Behavioral testing. Testing was conducted in a sound-proof, dimmed room equipped with a computerized test apparatus adapted from that used by Mishkin's group (National Institute of Mental Health, Bethesda, MD).
Visual recognition memory was assessed using a computerized visual delayed nonmatching-to-sample (DNMS) task with trial-unique stimuli that requires the animal to choose, from two meaningless drawings, the one it did not see before. Before surgery, the baboons were trained and tested on a delay subtest of the task. One to 2 months after surgery (range, 34–62 d), after successful retraining and retesting on the delay subtest, the baboons were assessed on the list-length subtest of the DNMS, in which lists of 1, 3, 6, 10, or 15 drawings were presented before the choice tests in mixed order and for 5 consecutive days. In the present study of declarative memory, we used performance on the list-lengths 3 and 6, because the list-length 1 reflects rule learning, and performance on the list-lengths 10 and 15 were at chance level for both groups (for detailed methodology and results, see Chavoix et al., 2002).

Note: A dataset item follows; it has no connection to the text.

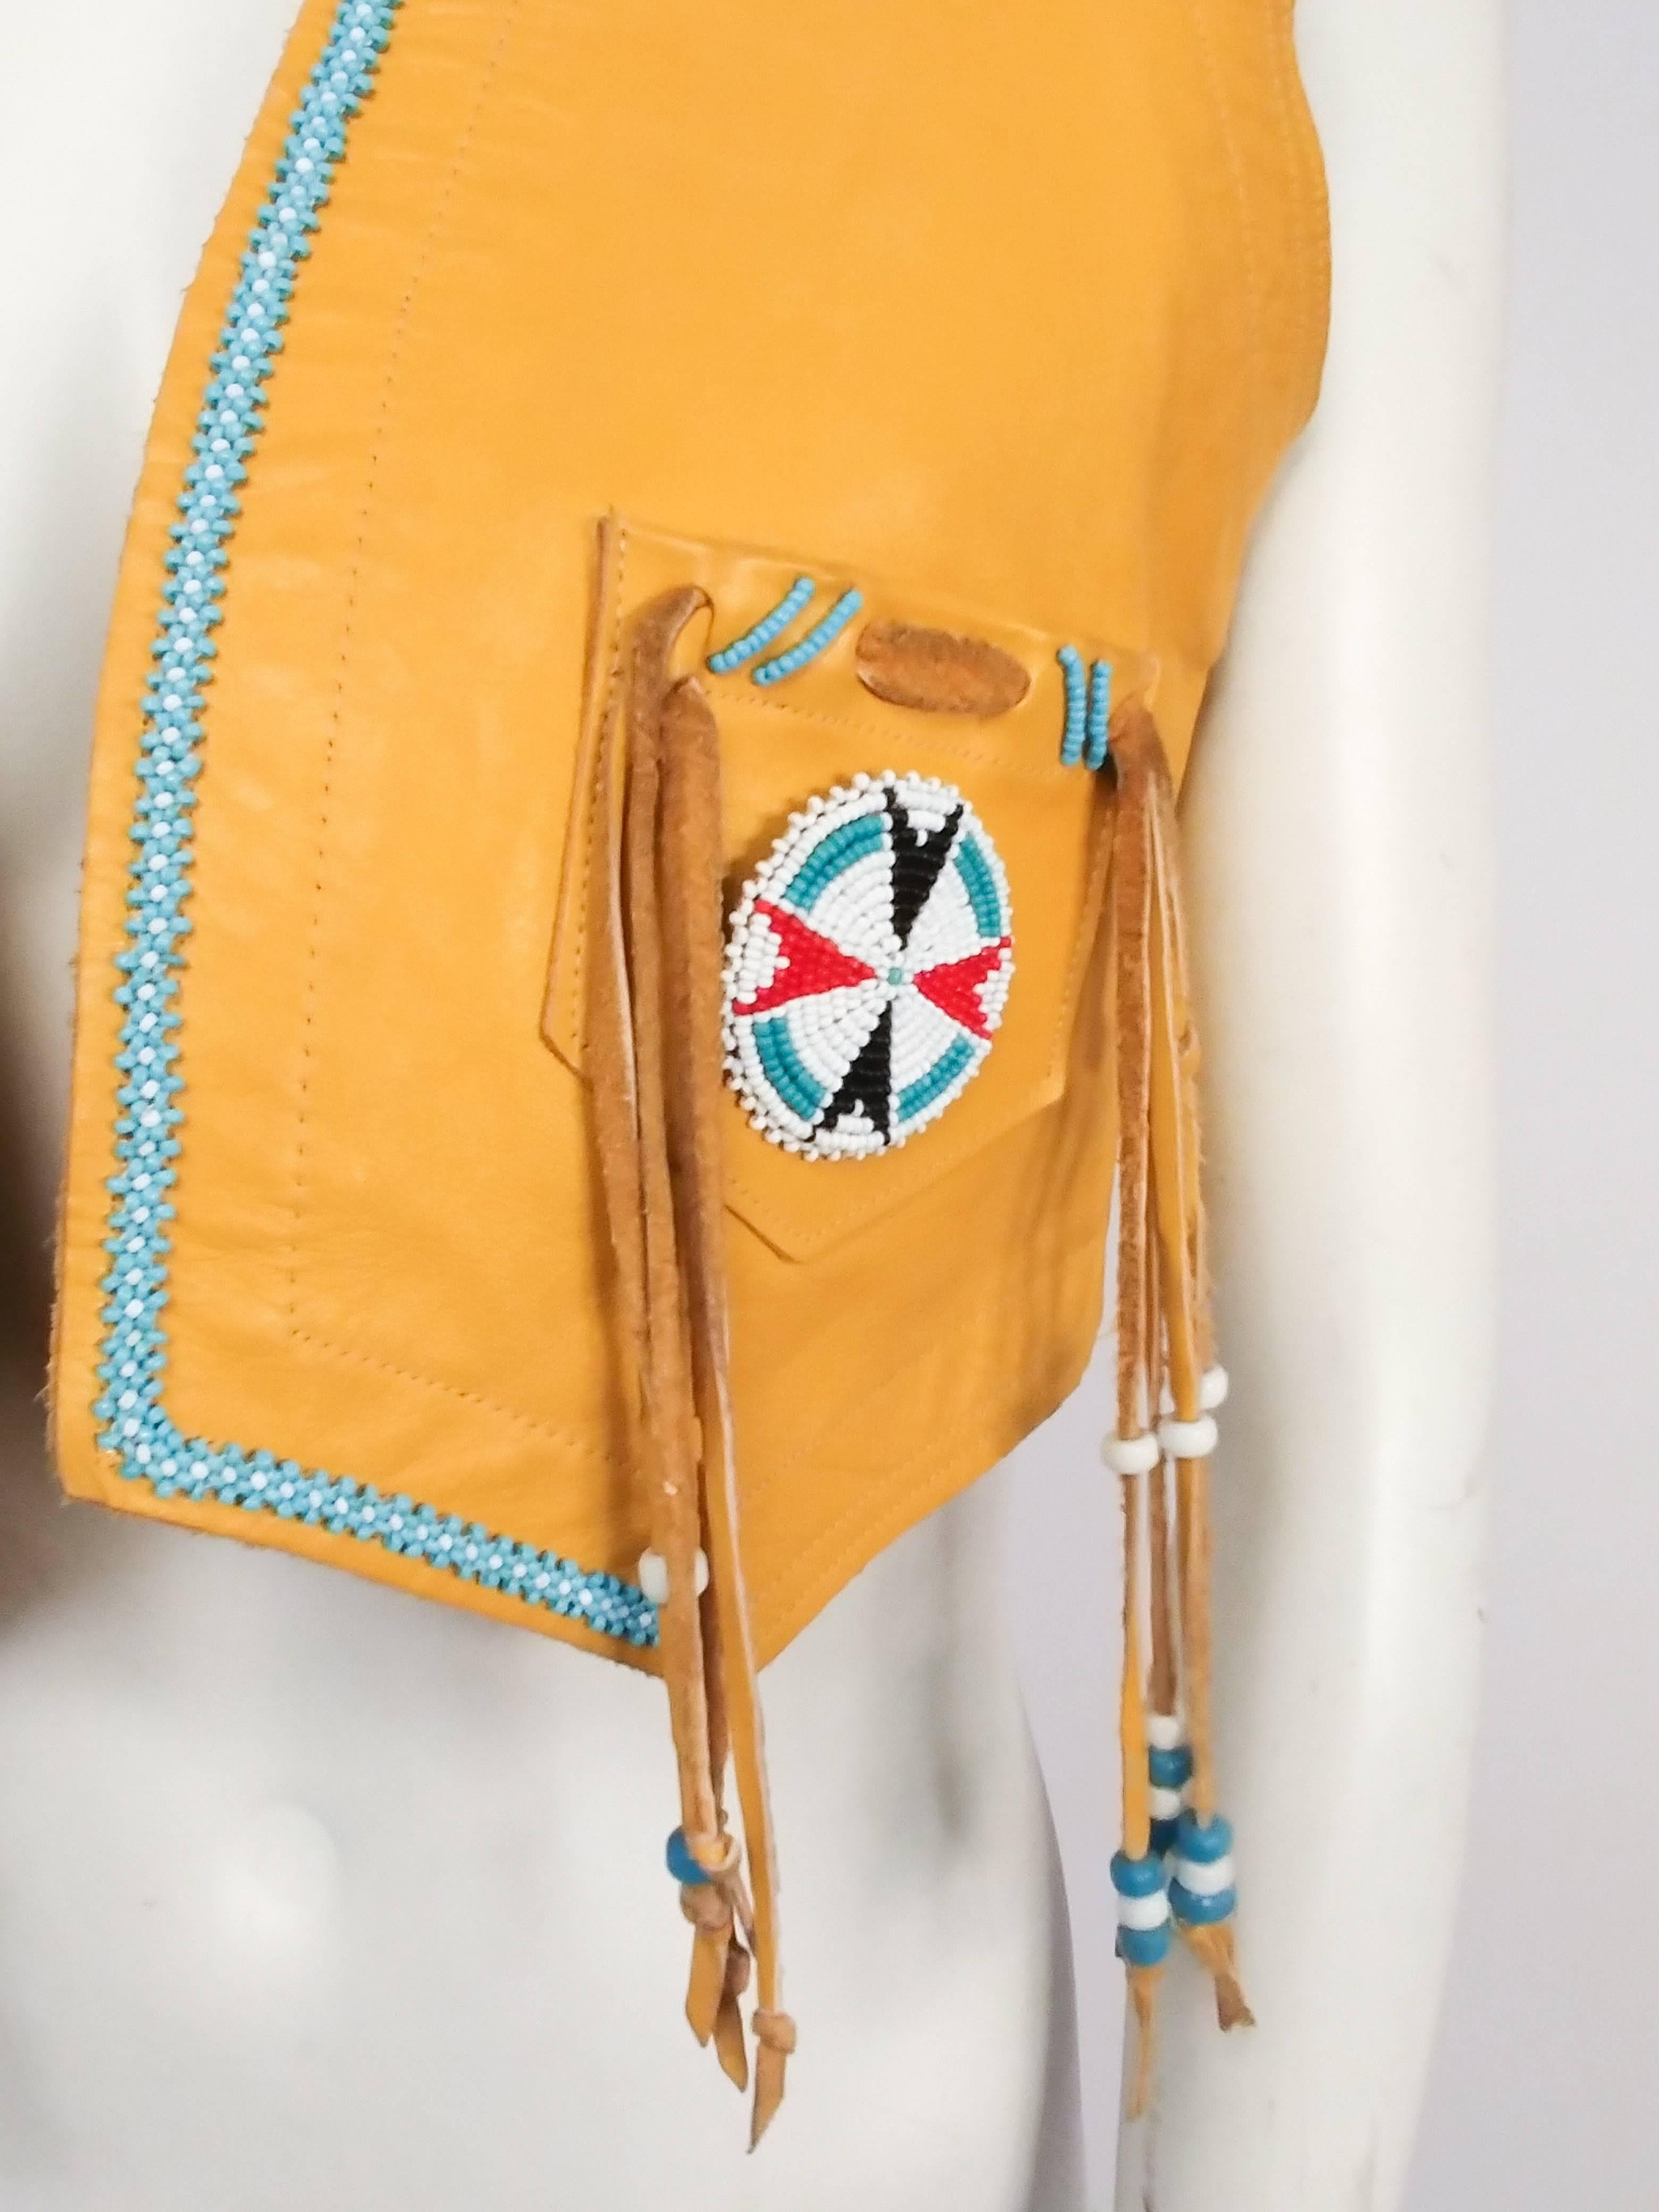 1960s Handmade Hippie Leather Vest w/ Glass Beads. Short cropped leather vest with native-inspired beading & fringe.

CMRglc measurements. As described in detail by Le Mestric et al. (1993, 1998) and Meguro et al. (1999), positron emission tomography (PET) was performed using the18F-fluoro-2-deoxy-d-glucose (FDG) method and a LETI TTV03 device (seven slices; intrinsic resolution, 5.5 × 5.5 × 9 mm, x, y, z); after68Ge transmission, FDG uptake images were obtained in the coronal plane (50–60 min after injection) under light dissociative anesthesia (phencyclidine; N2O/O2 at a ratio of 2 to 1). Briefly, FDG images were transformed into parametric CMRglc (in milligrams per 100 gm per minute), and the CMRglc data set was sampled in eight geometrical regions of interest (ROIs) (see Tables1 and 2 for complete list) defined on six individual coregistered MRI cuts. These ROIs were selected for their assumed involvement in declarative memory and/or their metabolic alteration in AD. Each baboon underwent sequential postsurgical PET (Meguro et al., 1999). The CMRglc values used for the correlations with memory scores were those from the PET study performed closest in time to the cognitive assessment (from 25 to 50 d after surgery).
Table 1.
Individual DNMS performance and CMRglc values in the lesioned (RH; n = 4) and sham-operated (SH;n = 4) groups
| Animal | ||||||||
|---|---|---|---|---|---|---|---|---|
| RH1 | RH3 | RH4 | RH5 | SH2 | SH3 | SH4 | SH5 | |
| DNMS performance | 52 | 59 | 53 | 61 | 61 | 62 | 64 | 65 |
| CMRglc values | ||||||||
| Dorsolateral prefrontal | 7.4 | 7.6 | 7.6 | 12.2 | 7.5 | 13.3 | 12.6 | 12.9 |
| Inferior parietal | 6.4 | 6.6 | 5.3 | 8.2 | 7.2 | 10.4 | 9.2 | 9.1 |
| Anterior temporal | 6.1 | 5.1 | 5.5 | 7.5 | 5.0 | 8.2 | 9.1 | 9.2 |
| Posterior temporal | 5.5 | 5.2 | 4.3 | 8.3 | 6.5 | 8.9 | 9.5 | 6.7 |
| Posterior cingulate | 6.1 | 7.0 | 6.3 | 11.2 | 7.1 | 10.9 | 10.8 | 11.0 |
| Anterior hippocampal | 4.4 | 3.2 | 5.0 | 4.7 | 4.3 | 6.6 | 7.3 | 7.3 |
| Posterior hippocampal | 3.8 | 3.8 | 4.4 | 5.5 | 4.6 | 5.8 | 6.7 | 7.3 |
| Thalamus | 5.9 | 5.1 | 5.6 | 10.3 | 8.5 | 10.1 | 12.3 | 10.2 |
Performance is expressed in percentage of correct responses and CMRglc in milligrams per 100 mg per minute.
Table 2.
Spearman correlation coefficients (ρ) and pvalues (two-tailed) between CMRglc values and performance on the DNMS task (n = 8 data pairs for all correlations)
| ROIs | ρ | p |
|---|---|---|
| Dorsolateral prefrontal | 0.762 | 0.044* |
| Inferior parietal | 0.857 | 0.023* |
| Anterior temporal | 0.667 | 0.078 |
| Posterior temporal | 0.738 | 0.050* |
| Posterior cingulate | 0.738 | 0.050* |
| Anterior hippocampal | 0.690 | 0.068 |
| Posterior hippocampal2-a | 0.905 | 0.017* |
| Thalamus | 0.714 | 0.059 |
Includes the posterior part of the hippocampus and the posterior parahippocampal cortex.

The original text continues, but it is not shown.